In 1816, the Royal Foreign Legion became the Hohenlohe Legion which then became the Hohenlohe Regiment in 1821, named for its commander Louis Aloysius, Prince of Hohenlohe-Waldenburg-Bartenstein. A German origin who served in the army during the Revolution, then in the Dutch Army as an emigrant. Governor of the Two-Gallicia in 1807, combatant at Leipzig and the campaign of France, he was nominated as a Lieutenant-General by Louis XVIII, then became Marshal in March 1827.[9] Nevertheless, the Hohenlohe Regiment would be affected by the reorganization of the Army which accompanied the events of July. The regiment was dissolved in 1830 because it was judged to be too loyal to its future sovereign.

This last regiment would give the 1831 Legion the particular marching cadence. While the classic infantry regiments paraded at a rhythm of a hundred and twenty paces per minute. The Legion strong of its affiliation with the Ancien Régime and in particular the Hohenlohe Regiment, adopted a slower and more solemn rhythm of almost 80-85 paces per minute.[10]

The French Army was exempt of Foreigners beginning 1830. However, this state of exemption would not last: Charles X of France, the King of France since 1824, was very unpopular. Such unpopularity was due to bad harvesting, a difficult economy and the adoption of a reactant government which was leading to the creation a favorable field for insurrectional movements.

The Ordinances of Saint-Cloud, were described as the King's hammer and limited by force the liberties of the people, being proclaimed on July 25, 1830. Accordingly, they led to an immediate violent opposition from the people, which led to the fall of the regime. This July Revolution, from 27 to 29 July 1830 brought a new man to power: Louis Philippe de Chartres, who became Louis Philippe I, King of the French on August 7. While swearing by the Constitutional Charter Oath of 1814, he installed the July Monarchy.

A sovereign for the nation by the will of the nation, his friends and enemies didn't want the King to possess a force that would be too loyal and be remarkably trained like the Hohenlohe regiment which was dissolved in July 1830. In fact, the political forces only wanted a national army.

However and to the dismay, events in Algeria and internal politics constrained a new incorporation of Foreigners.

Creation of the French Foreign Legion

The causes for this creation

The creation of the Legion was more of a response and political will to the multiple challenges faced by the nation during that époque; nevertheless, for the founder of the Legion (the King), such would be an issue of relativity. Creation in a big part was due to the Three Glorious Days and its European consequences. The Legion, in its long history has always been a manifestation to the political arenas of foreign countries. One has to really understand the causes of such a creation, and even before the creation of this Legion, the enlistment of foreigners has always been adopted by the Legion. In theory, the Legion should not engage under any circumstances in combat on the national territory.[11]

One of the first causes was the filtration of the army after the July Revolution.[11] Louis Philippe I marked a real disconnection with the Ancien Régime, however the army still had figures which were loyal to the Ancien Régime: bonapartiste or partisans of Charles X. Of the sort, multiple cadres and soldiers of the French Imperial Army reenlisted for service after fifteen years of rest in the Legion. In addition, it was considered border line dangerous for the young parliamentary monarchy, to have numerous officers of the Grande Armée reduced to half-pay and often being inactive. It was important to benefit from the experiences of some of these Imperial Officers, let alone apply also their esprit de corps to a laborious chapter that "could be the mother of all vices".

In addition, the creation of a Legion which had for vocation to combat in faraway horizons, was an excellent occasion to filter the dangerous or restless elements of the regular army, whether they were French nationals or foreign. From this fact, the Legion became a depository and a solution to any element that did not conform to the governing agenda.

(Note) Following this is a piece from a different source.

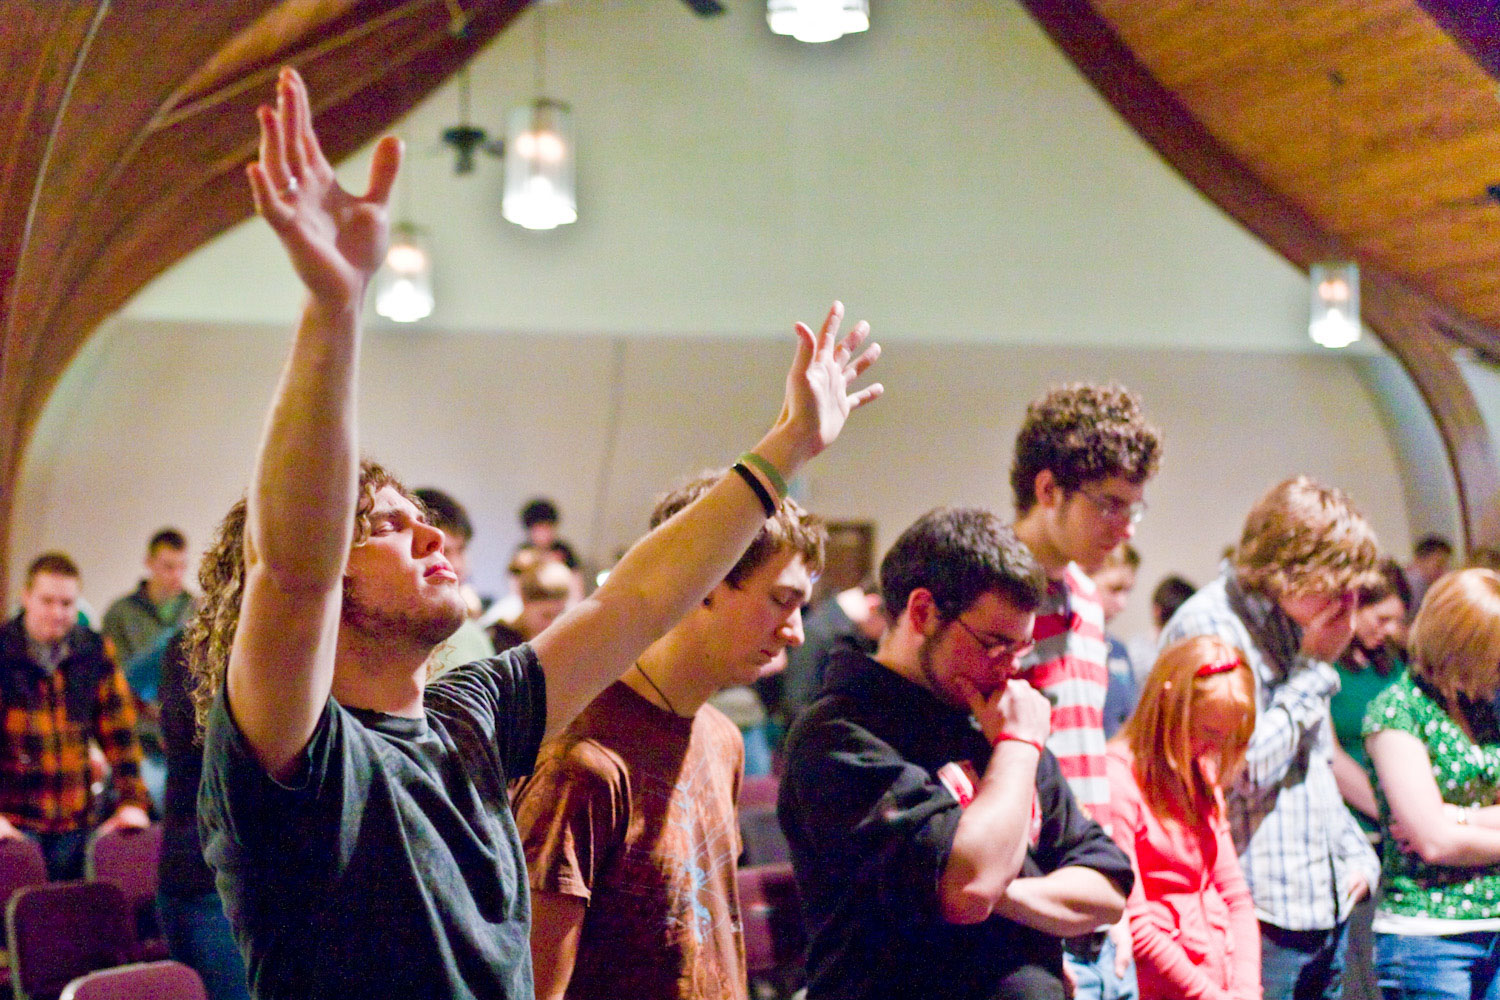 Man raises hand while others pray at the Red Sea Church in St. Johns Oregon

Mainly, it was very important to enlist foreigners entering or stationed in France. The European crises had amassed a large number of foreigners on the territory without resources. These were the first waves of unemployment, due to the birth of industrialisation. Most of them hailed from European countries. Accordingly, these were men without resources, without a future, reality which worried the government, because they had to be fed and were often described as populations whom generated troubles.

On another hand, all the political crisis exiles and insurrectional foreigners also came to France: The July Revolution or the Three Glorious Days brought to France many volunteers for the armed fight. Accordingly, there were cohorts of liberals and revolutionaries who came in the hope to install a regime in the continuity of 1789.[12] In addition, the July Revolution had nurtured vast insurrectional movements all across Europe, particularly in Italy, the Germanic provinces, Poland and Spain. However, these insurrections for the most part failed, and the affected governments kicked out of their territories numerous revolutionaries who failed in France, land of liberty. All these individuals were capable of igniting the powder in the big cities of Paris or Lyon. They became then the most dangerous menace of the State, just as much as they menaced the stability of the Kingdom and the economy. Accordingly, they became an urgent topic which required assembling and distancing.[13]

It must also be added that the Swiss and German veteran combatants, or those of the regiment of Hohenlohe would be better off constituting the hard nucleolus of the training corps and formation of this future Legion, rather than be reduced to unemployment (it is always dangerous for a country to harbor numerous idler foreign fighters).

Finally, these combatants, for the most strongly experienced, would prove useful in the next hard combat in which the majority of them would be engaged: the conquest of Algeria.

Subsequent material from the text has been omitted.